Discovering Toni Dwiggins‘s Forensic Geology series was like that. It’s not that I like geology in particular — I know very little about it — but I do like science, and Dwiggins’s stories all come with a heavy serving of geological science. It feels like real science too, without a lot of gee-whiz speculation. Dwiggins is exploring Michael Crichton territory, but she’s doing it with a far more accurate map.

Badwater introduces us to the forensic geology team of Cassie Oldfield and Walter Shaws as they are brought in to help figure out what happened to a stolen cask of ion-exchange resin beads used to clean radionuclides from the cooling water in a nuclear power plant. Yeah, you read that right. Radioactive beads. There’s no threat that someone will turn this stuff into a bomb, and it won’t melt your face off like the Nazis at the end of Raiders of the Lost Ark. What it will do is give you a fatal dose of invisible radiation that you won’t even notice until it’s far too late. That will happen quickly if you run into a large amount of the stuff, but if you spend too much time around even a small amount, you could be just as dead. I think it’s very cool that Dwiggins didn’t try to jazz up the story by making the radioactive waste into some sort of super-secret super-special radioactive stuff, but instead chose to build her thriller around a realistic depiction of the hazards of radioactive materials.

Volcano Watch takes us to Cassie and Walter’s home town of Mammoth Lakes, where the mayor has just been murdered and the local volcano has been rumbling ominously. Actually, it’s not just a volcano, but a whole volcano system, and the mayor had apparently learned something alarming about it, but nobody knows what. It’s not the usual disaster cliché — there’s no young volcano expert trying desperately to warn the town about the impending eruption while feckless politicians try to suppress the truth because they don’t want to lose tourism dollars. Instead, Dwiggins builds her story around evacuation planning until the volcano erupts (it’s not really a spoiler) and then it switches to a story of survival. The eruption of the volcano is described in extensive detail, and the volcanology feels accurate and not sensationalized.

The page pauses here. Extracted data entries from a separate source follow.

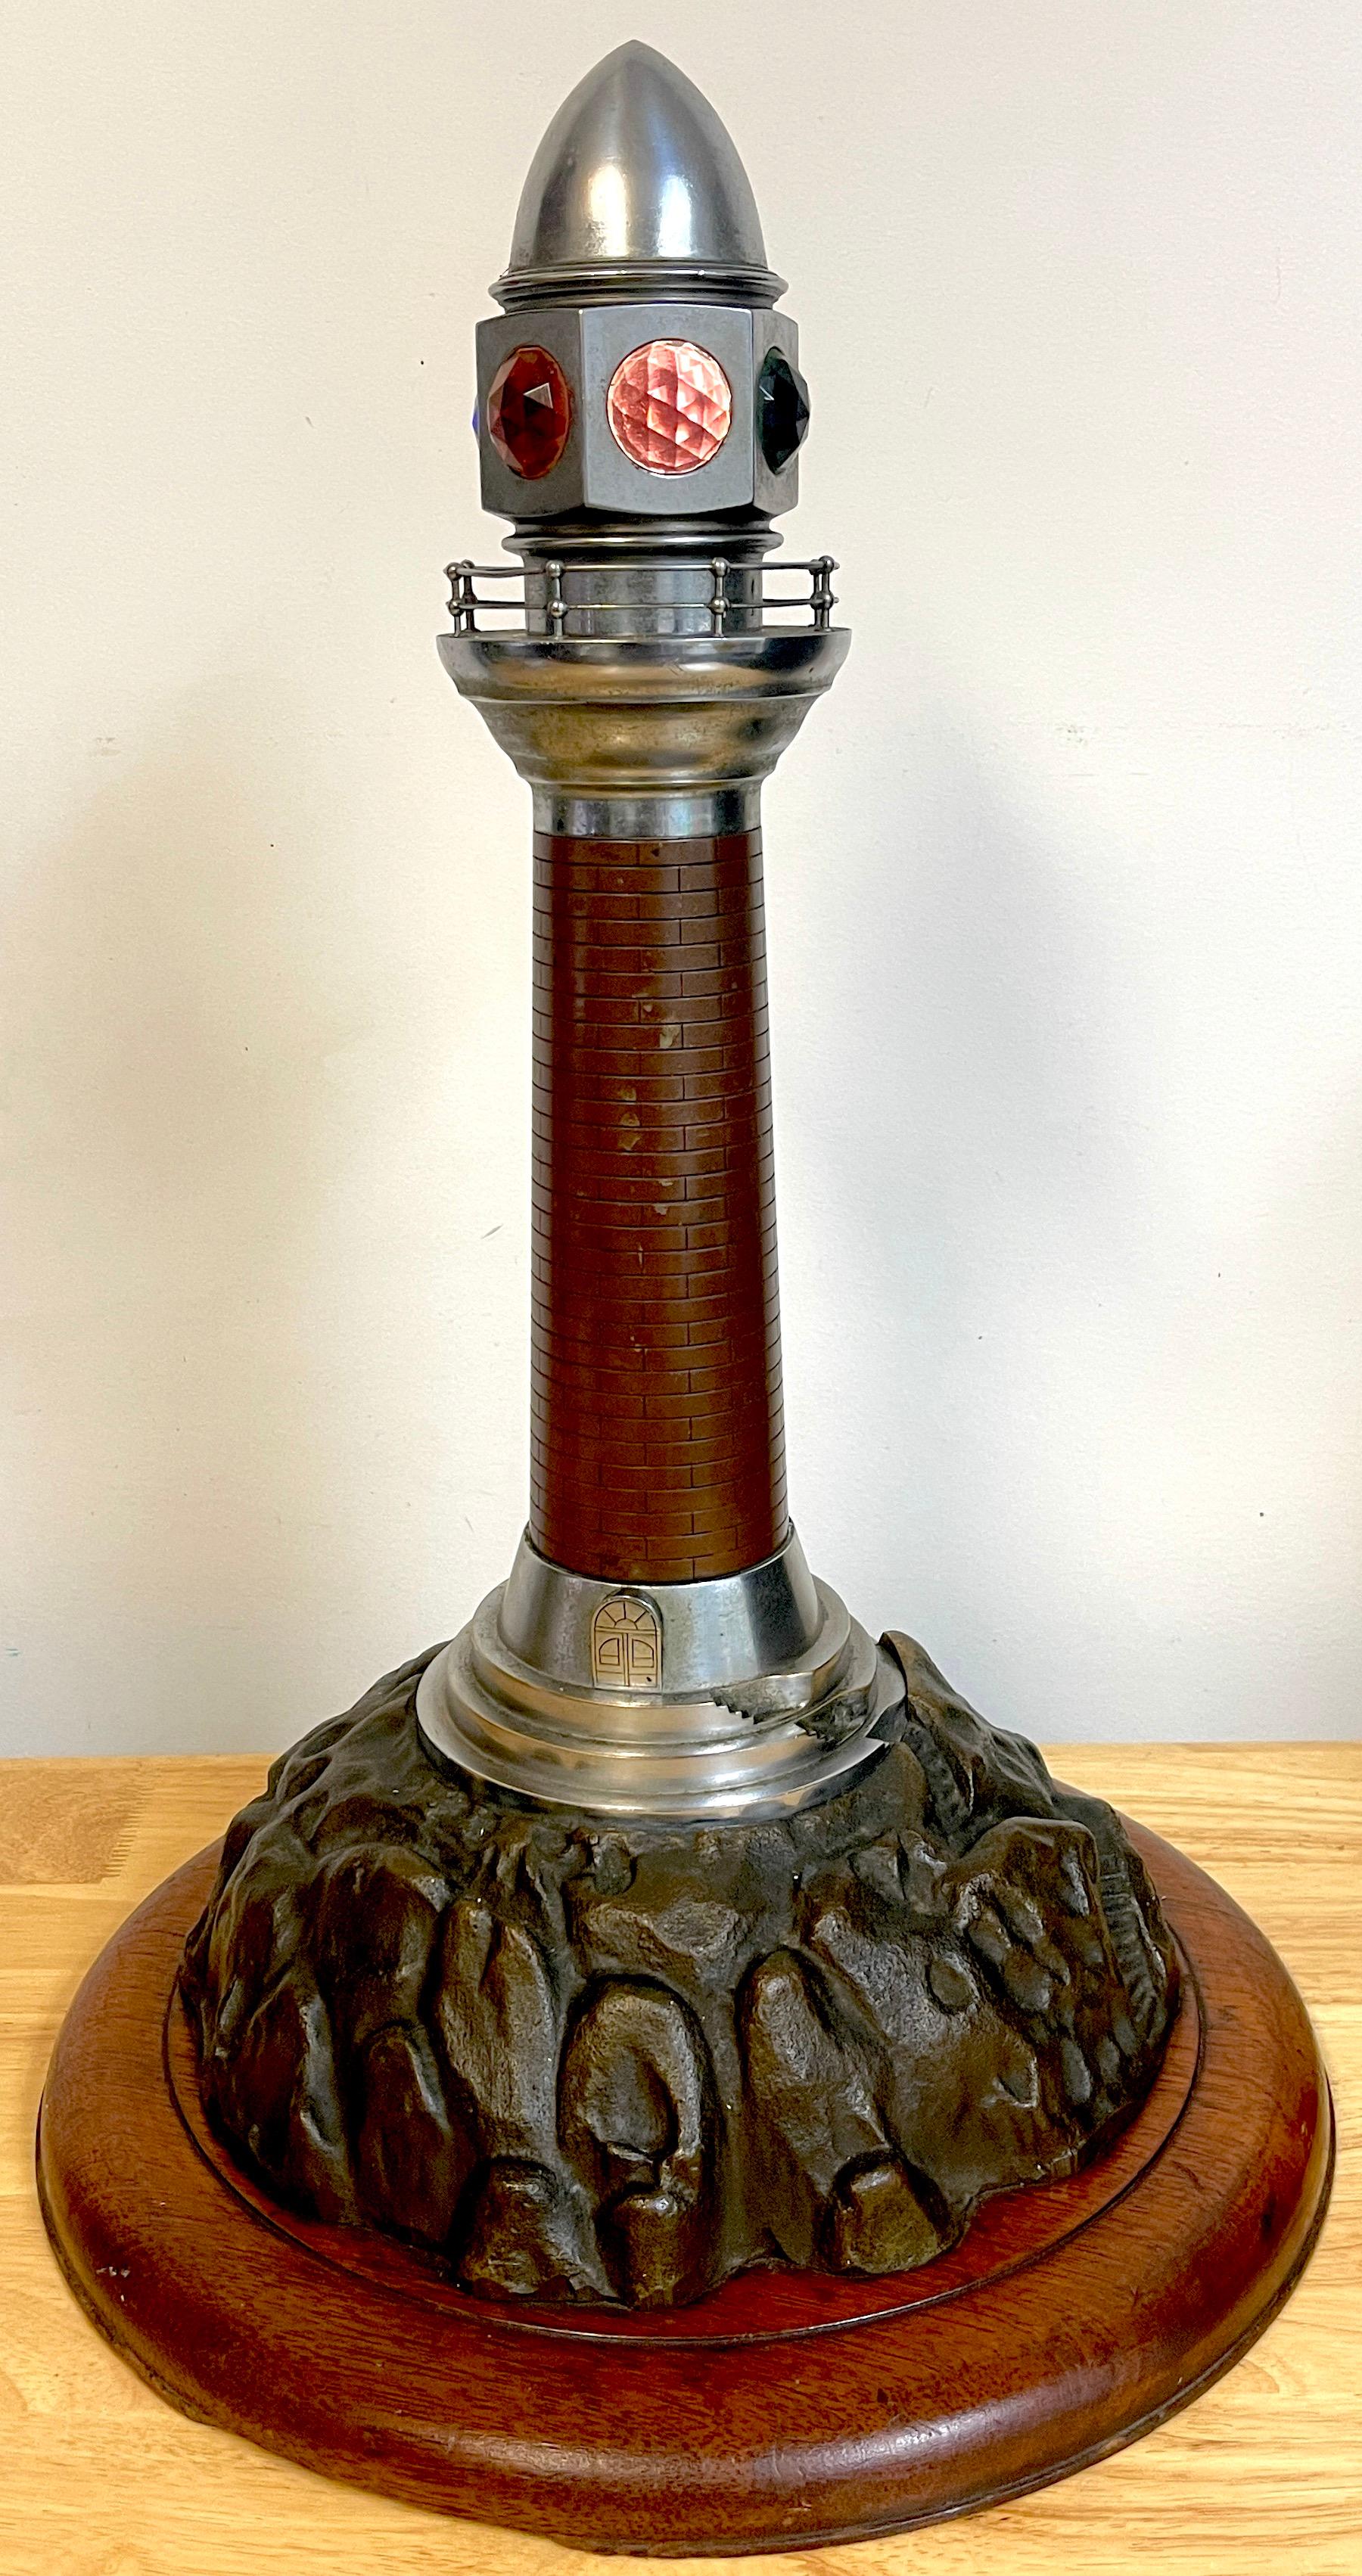 Französisch Art Deco Bronze, Stahl, Kristall und Holz Modell eines Leuchtturms Lampe, eine erhebliche, aufwendig detaillierte Modell eines Leuchtturms, mit eingefügten farbigen geschliffenen Kristall Schirme, auf einem 14 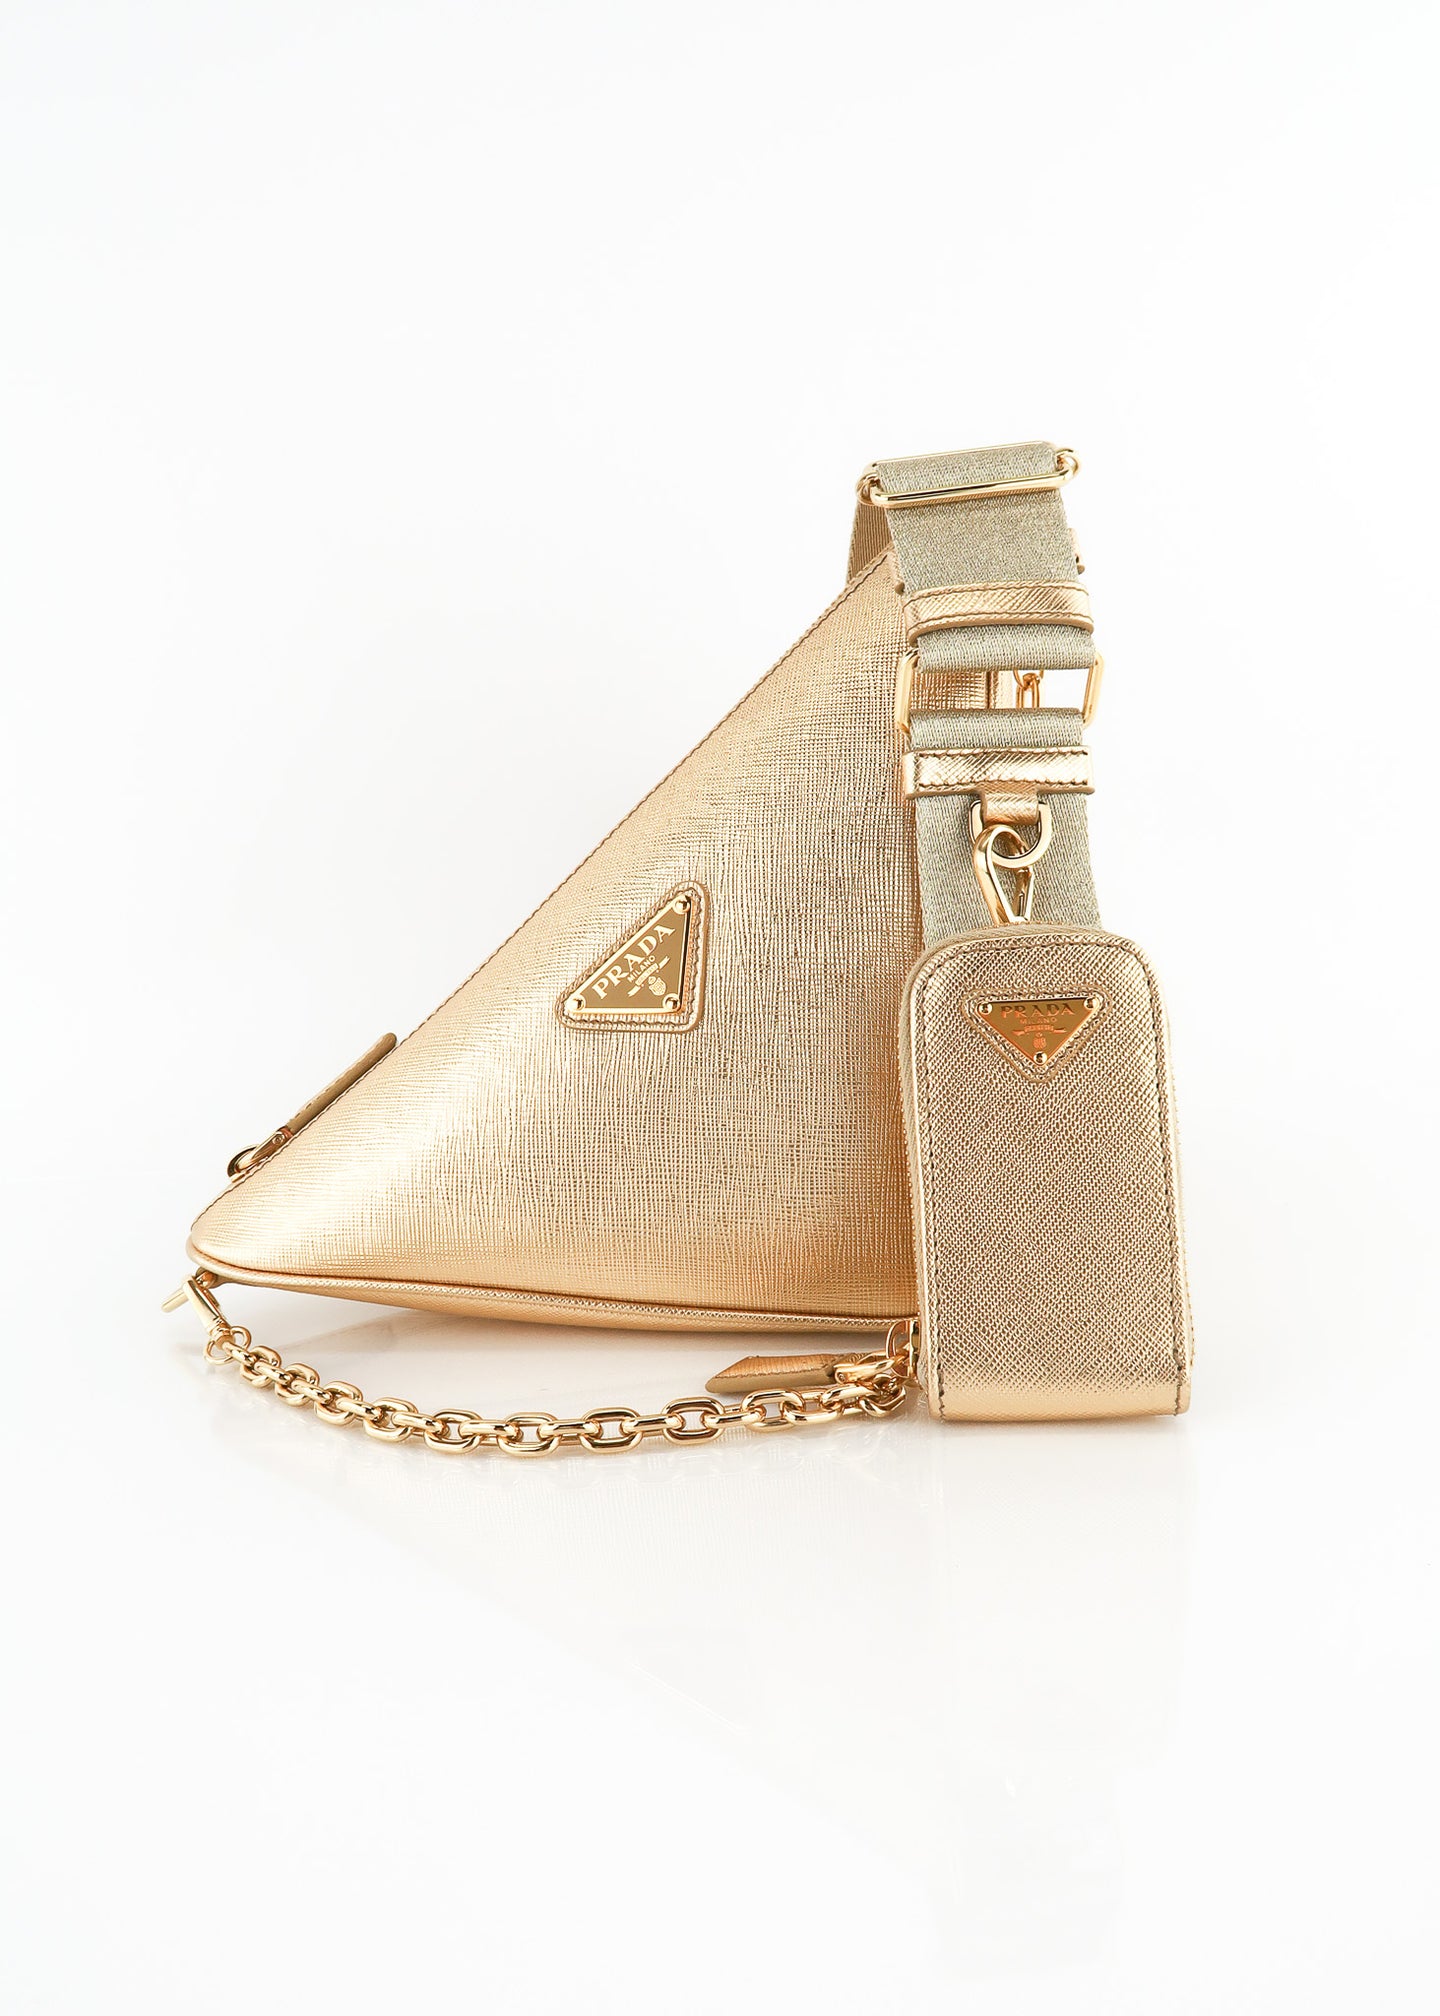 triangle Saffiano-leather shoulder bag, Prada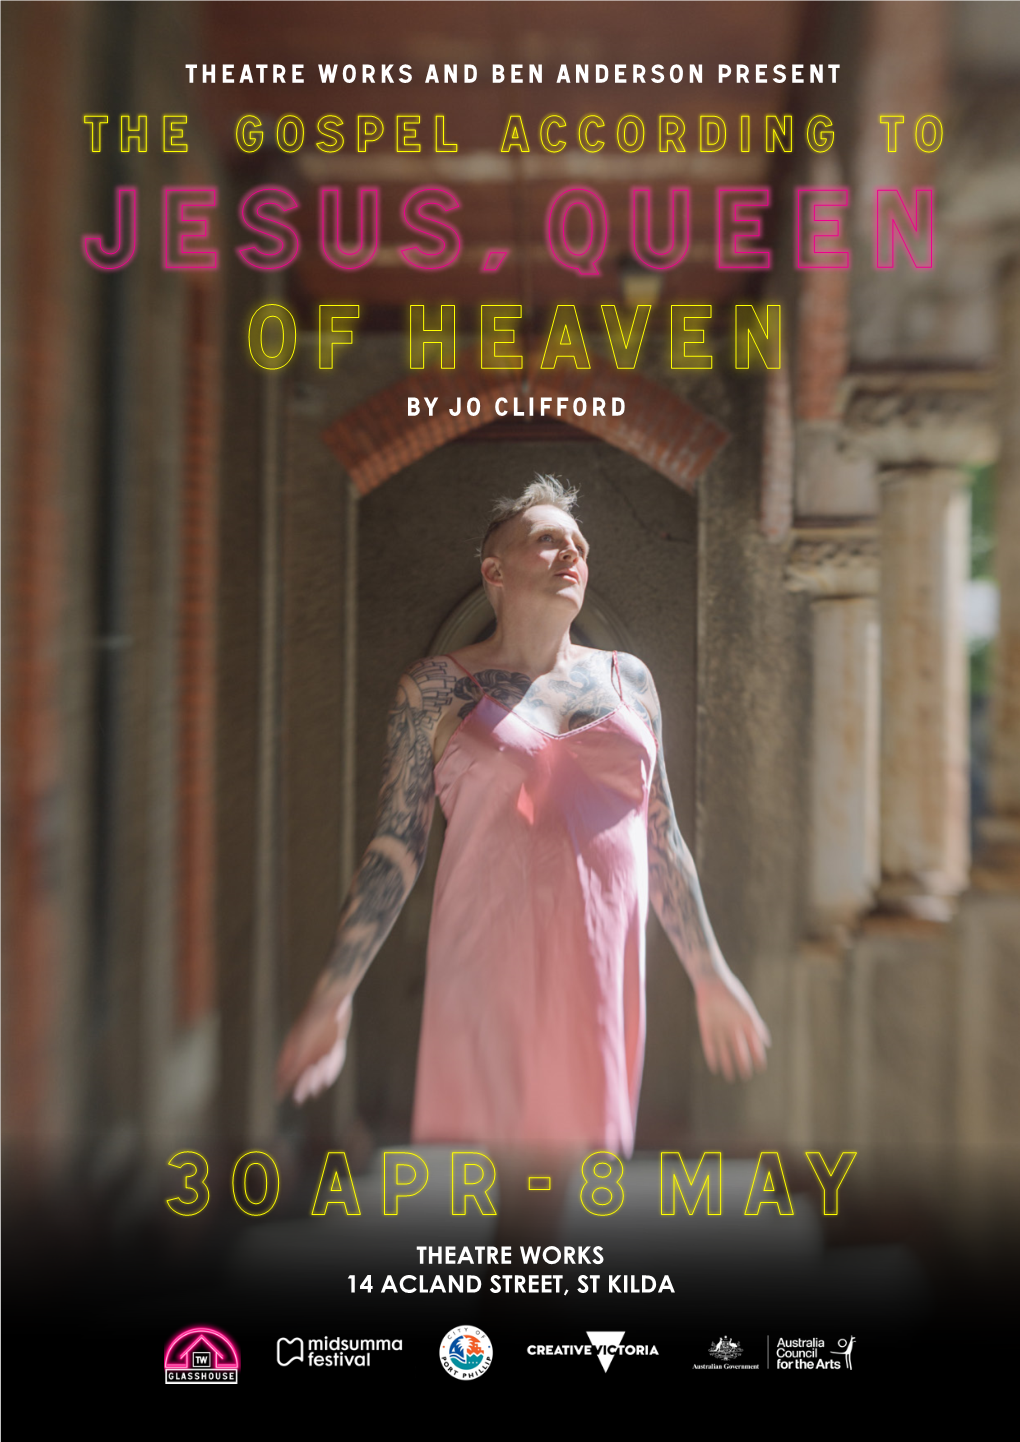 Jesus, Queen of Heaven by Jo Clifford

Quicksilver is the third and most recent installment in the series, although it is technically a prequel. It’s also a novella rather than a full-length novel, so it tells a smaller, tighter story. All of the books in the series feature a significant amount of exploration and outdoor adventure, but Quicksilver focuses on a single expedition, as Cassie and Walter get caught up in a family’s obsessive search for a legendary vein of California gold. It turns out that some gold mining operations use a mercury amalgamation process to extract the gold from the earth, and before it was outlawed, a great deal of mercury was lost into the environment. Mercury is an amazing substance — a metal that’s liquid at normal temperatures — but under the wrong conditions it becomes a deadly cumulative neurotoxin. This fact turns out to be pretty important in Quicksilver.

If the Forensic Geology series sounds like the kind of thing you’d like to read, you might as well read through them in order, starting with Badwater, as I did. If you’re not so sure, I recommended reading Quicksilver first. It’s short and tightly written and it’s a good example of the kind of story that Dwiggins likes to tell. It’s also currently available for download at the low, low introductory price of free. Or you could go all-in and just download the whole set for $3.99.

(I interviewed Toni Dwiggins briefly about the self-publishing business for a post I wrote a couple of months ago.)